Gigi is a 1951 play written by Anita Loos. It is based on Colette's 1944 novel of the same name, and was produced on Broadway, where it starred Audrey Hepburn in the title role.

==Plot==
The play's plot generally follows that of the original story, focusing on a young 19th century Parisian girl being groomed for a career as a courtesan. Gigi lives with her mother and grandmother, and takes lessons at the home of her aunt. Her lessons include social manners, conversation, and personal relationships. The family has significant social connections, and have been great friends with the rich playboy Gaston. Gaston is bored with his life, and his only joy seems to be in the company of Gigi and her family.

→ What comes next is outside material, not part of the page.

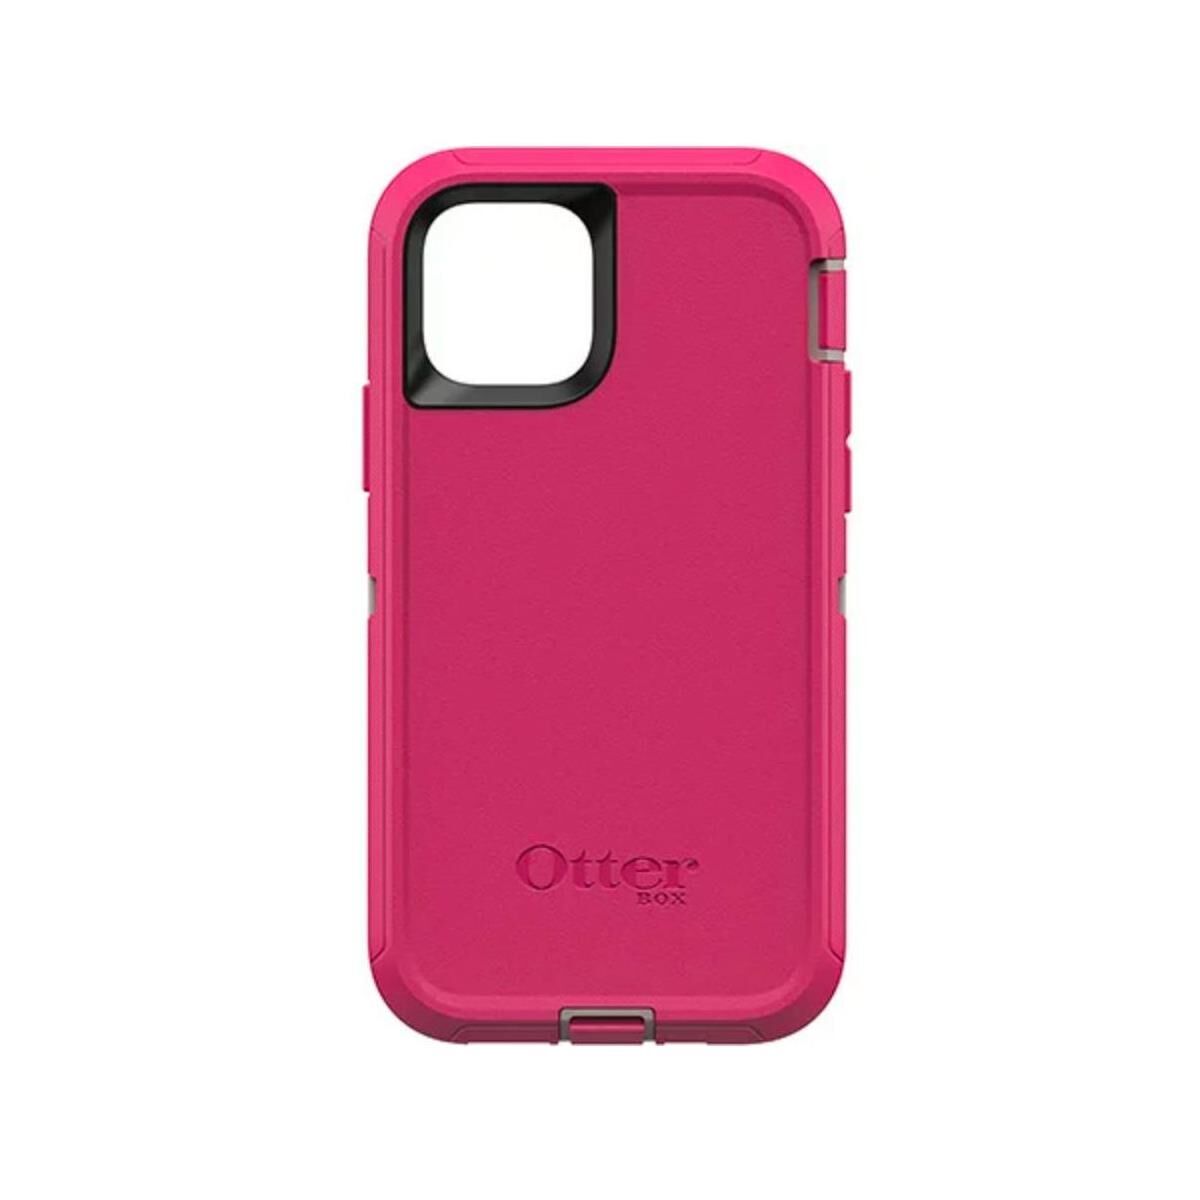 OtterBox Defender Screenless Edition Case for iPhone 11 Pro, Lovebug Pink

Aunt Alicia decides that the time is right for Gigi's entry into society. After dressing her up, she is presented to Gaston as a young woman. He is, at first, dismayed at the change. Gradually he realizes that he is attracted to Gigi, and takes her out on the town. As the night progresses, Gaston sees the emptiness of his life and wants something more. He proposes marriage to Gigi, and she gladly accepts.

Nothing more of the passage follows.